What you will do:
Your response should be an exact reproduction of the data below, beginning at the line containing "Sound and solid" and ending with the final line.

Extracted data entries
----

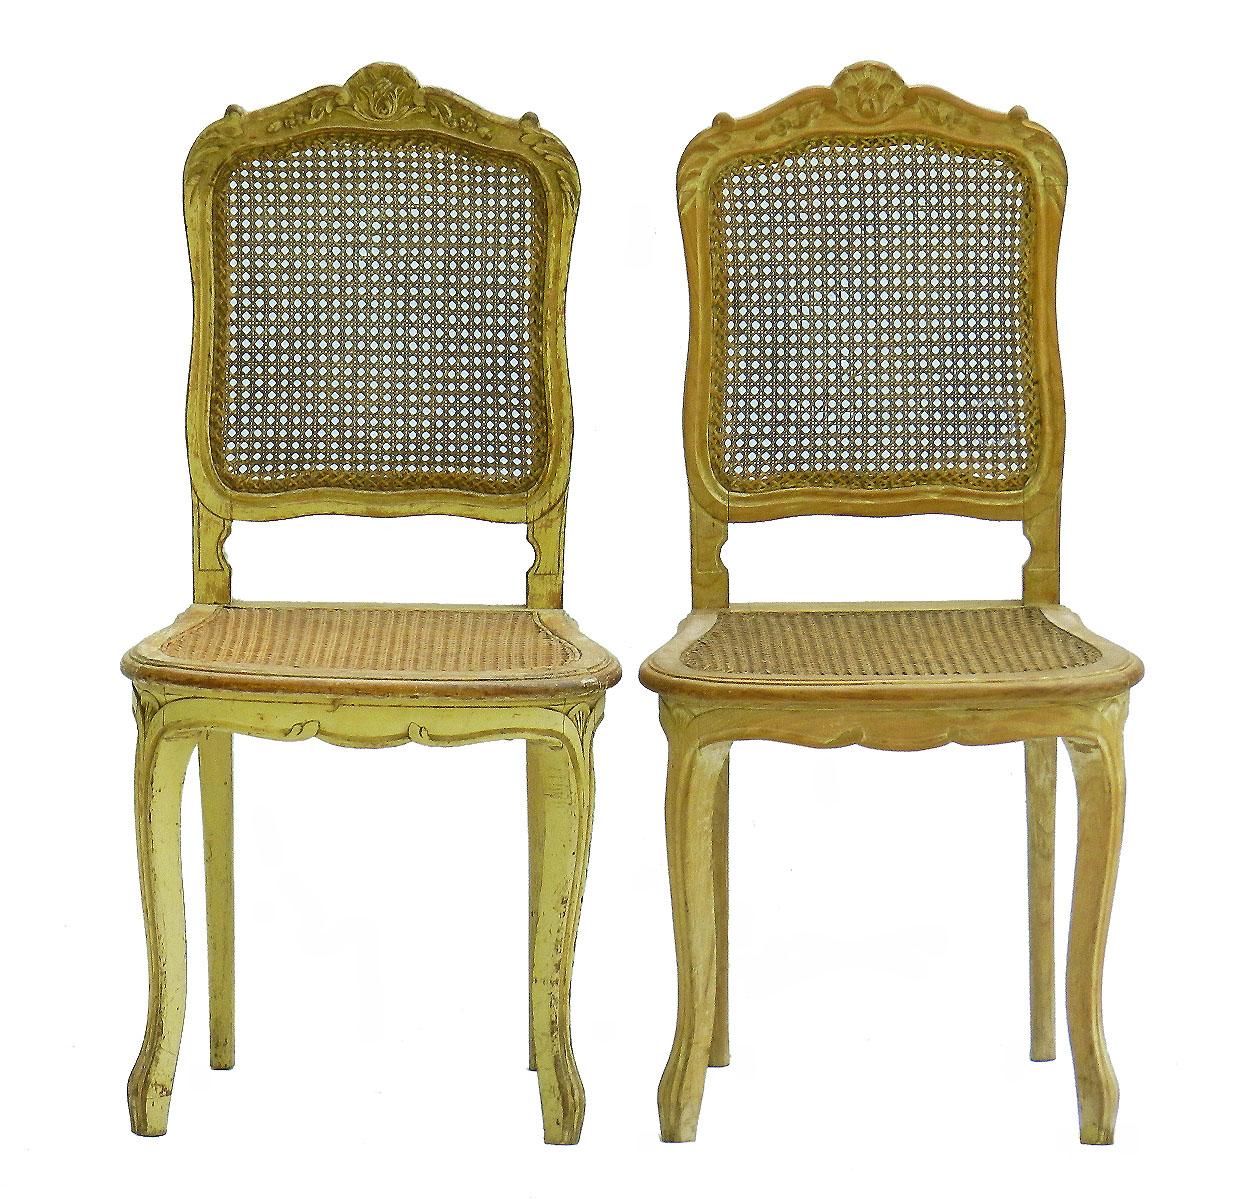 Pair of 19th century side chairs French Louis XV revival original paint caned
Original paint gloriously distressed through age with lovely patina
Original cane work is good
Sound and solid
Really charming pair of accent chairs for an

----

Written solution:
Sound and solid
Really charming pair of accent chairs for an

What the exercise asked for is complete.